[Problem]
Restate the listing below word for word; no picture is to be carried over.

[Data block]
☆ ☆ ☆ ☆

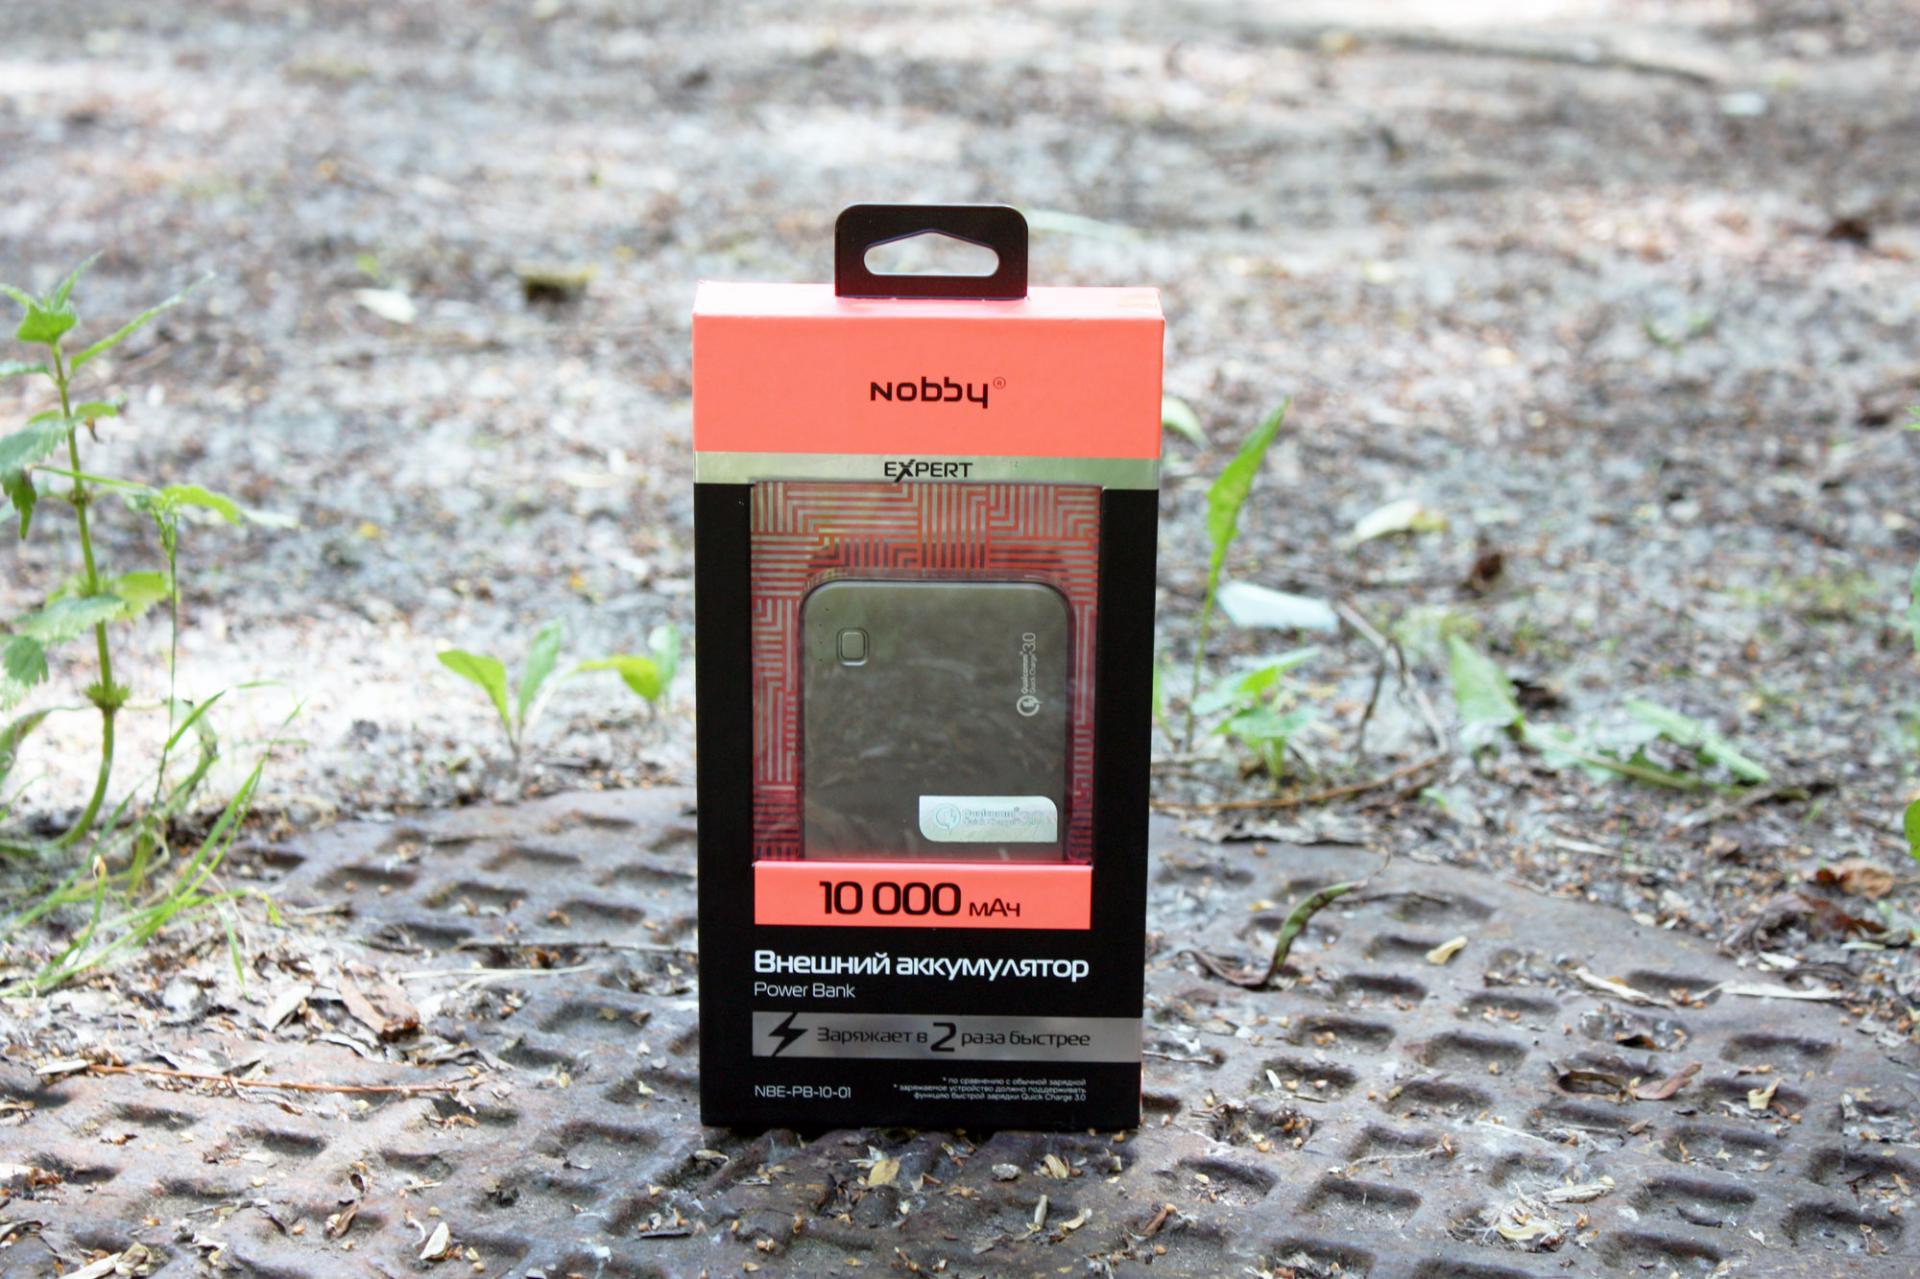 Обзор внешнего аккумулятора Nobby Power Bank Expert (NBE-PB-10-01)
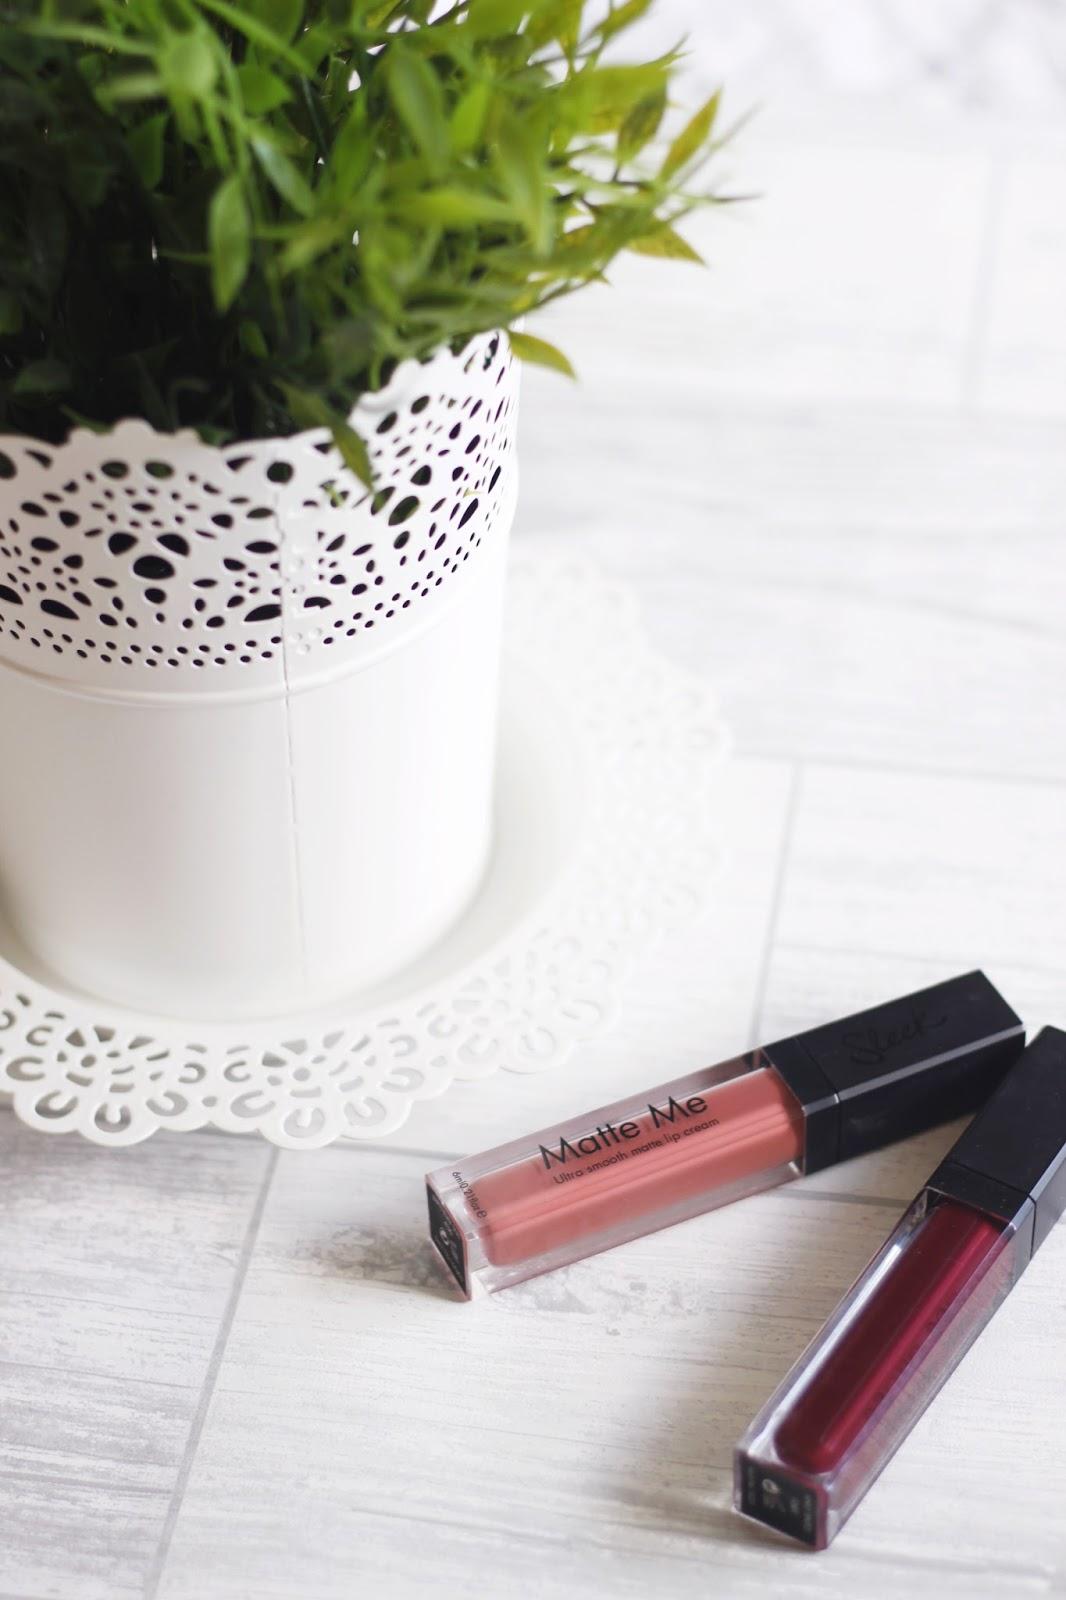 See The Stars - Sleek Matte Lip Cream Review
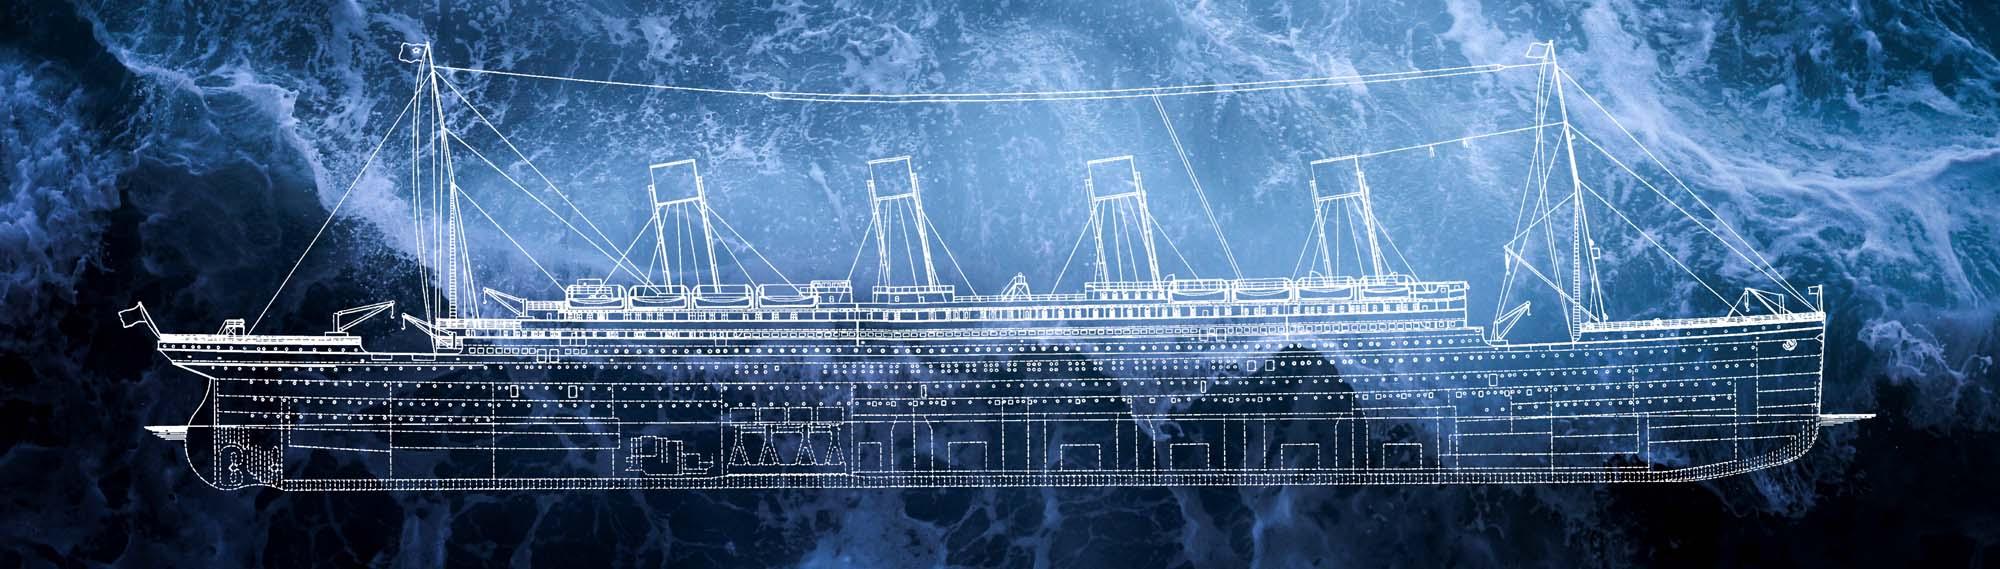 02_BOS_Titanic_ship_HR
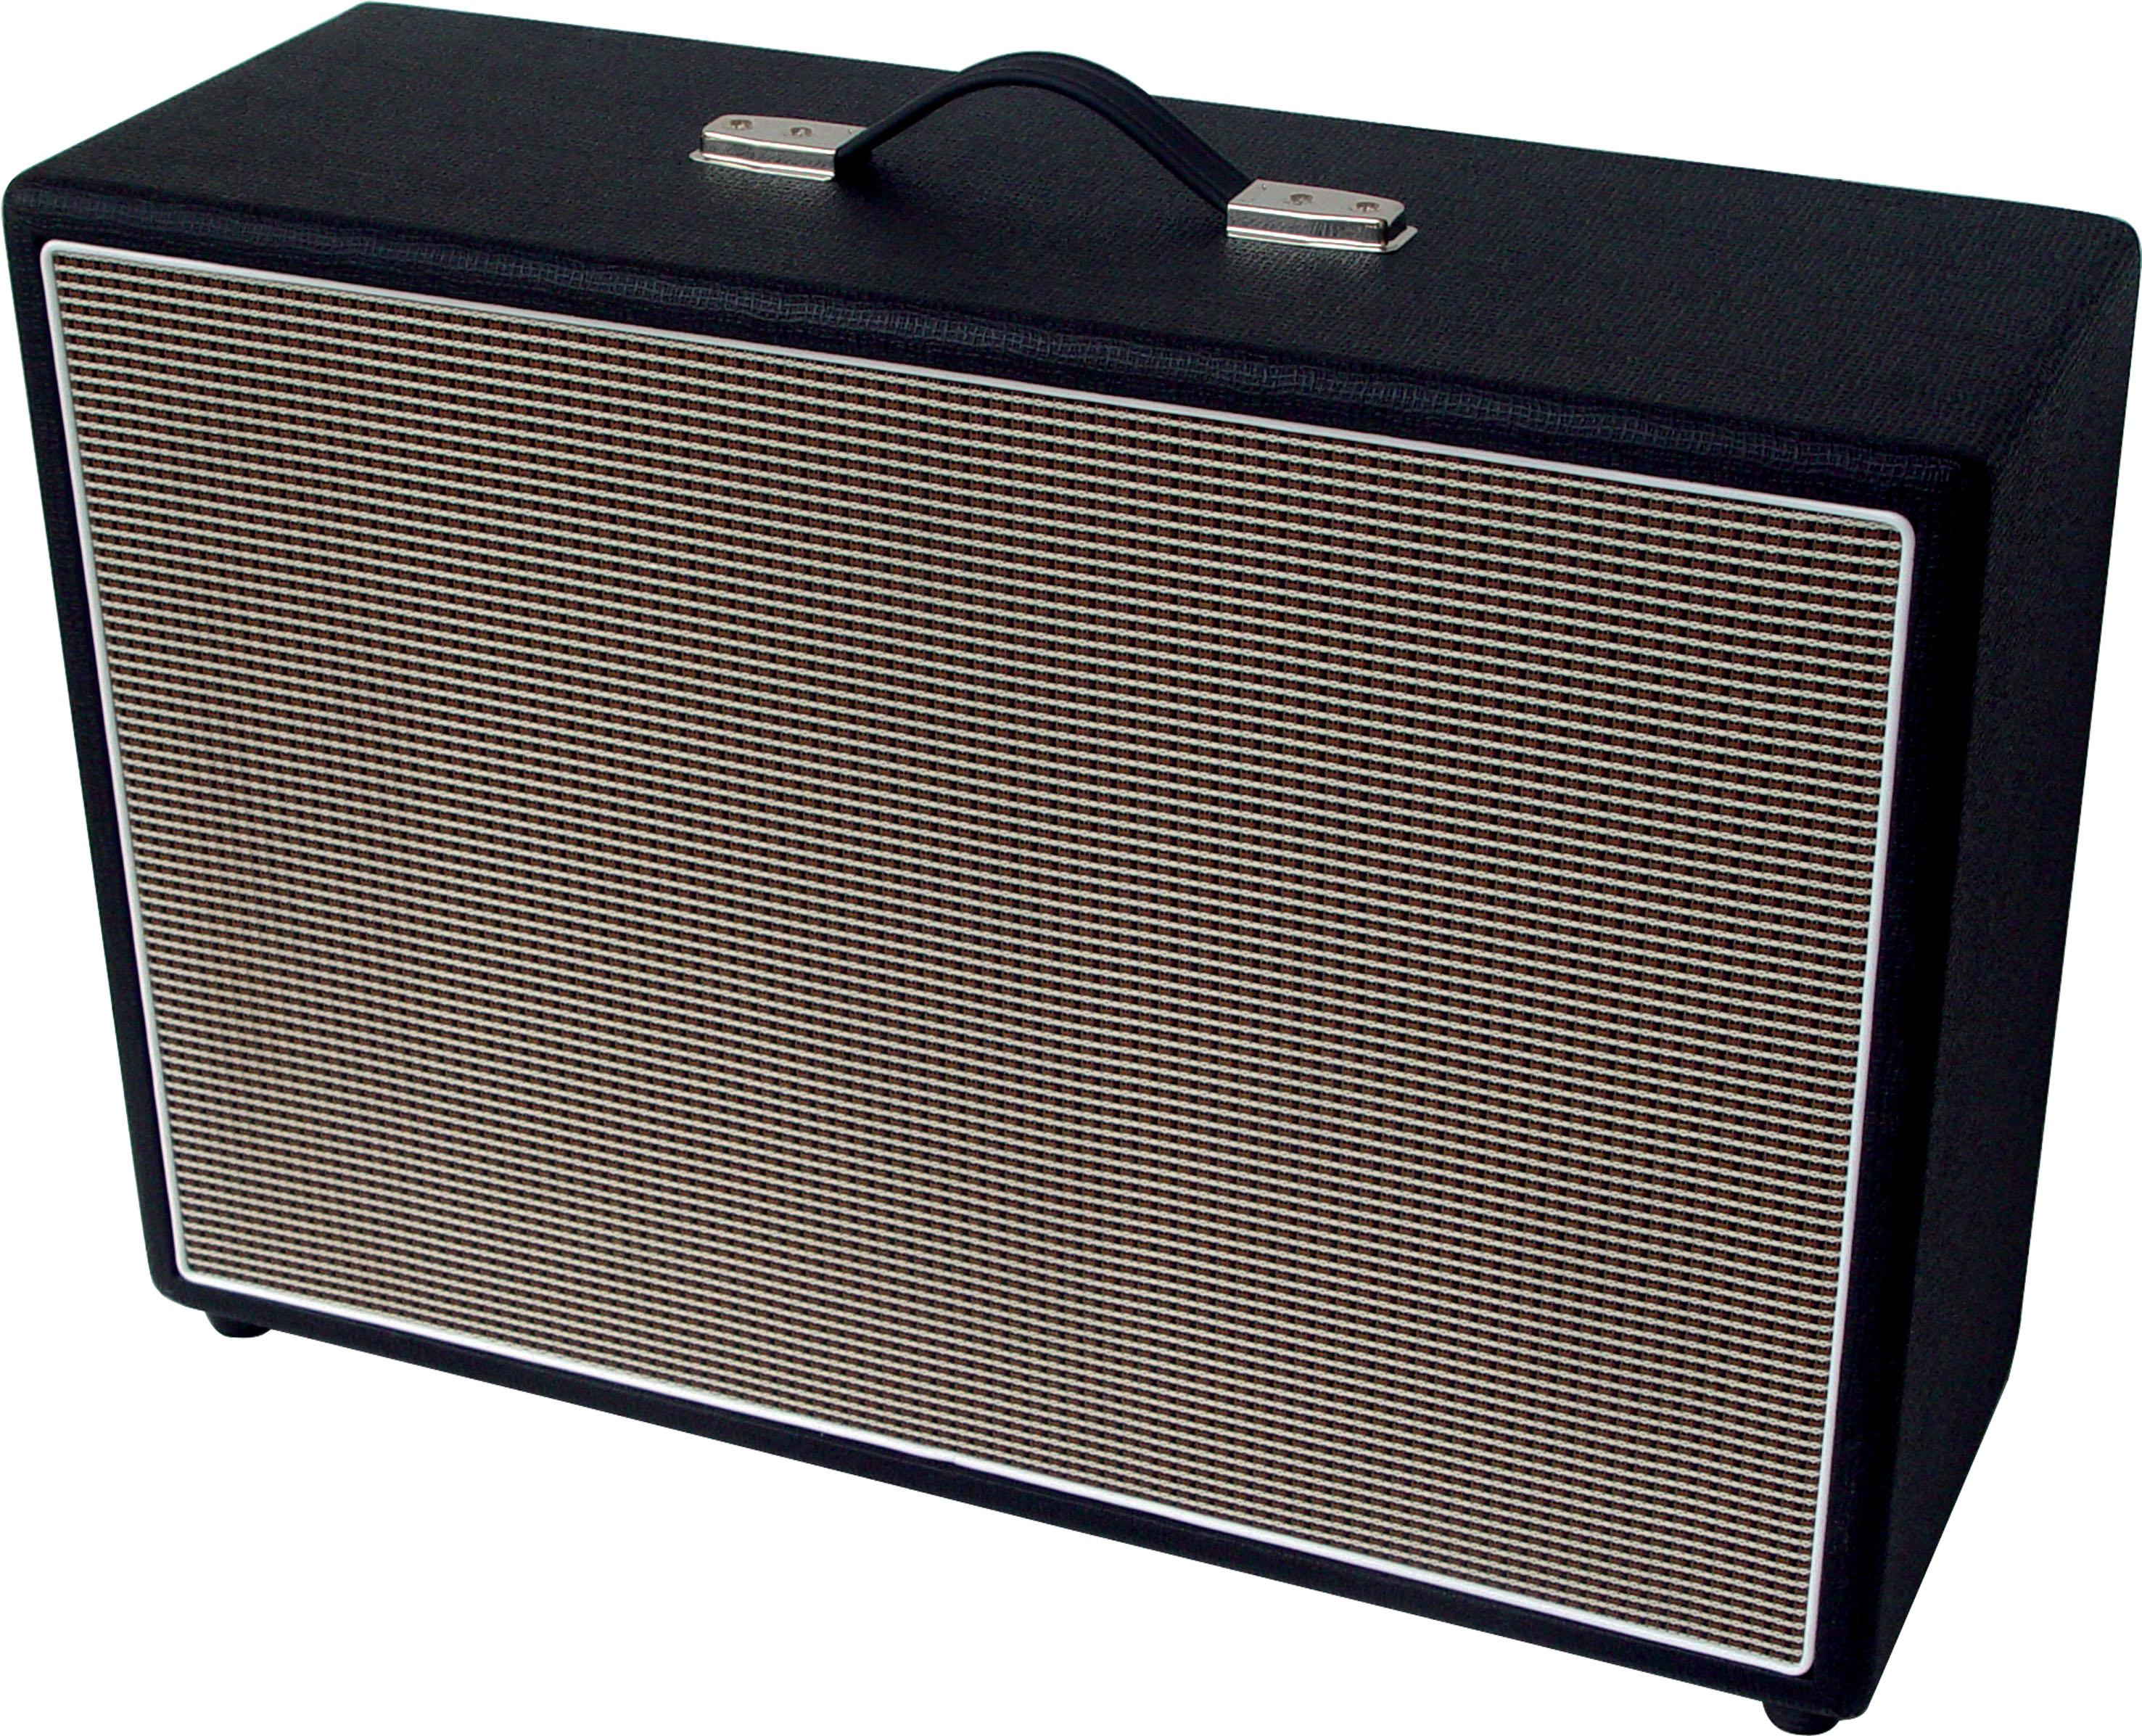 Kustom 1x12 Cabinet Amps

☆ ☆ ☆ ☆

[Finished exercise]
 Обзор внешнего аккумулятора Nobby Power Bank Expert (NBE-PB-10-01)
 See The Stars - Sleek Matte Lip Cream Review
 02_BOS_Titanic_ship_HR
 Kustom 1x12 Cabinet Amps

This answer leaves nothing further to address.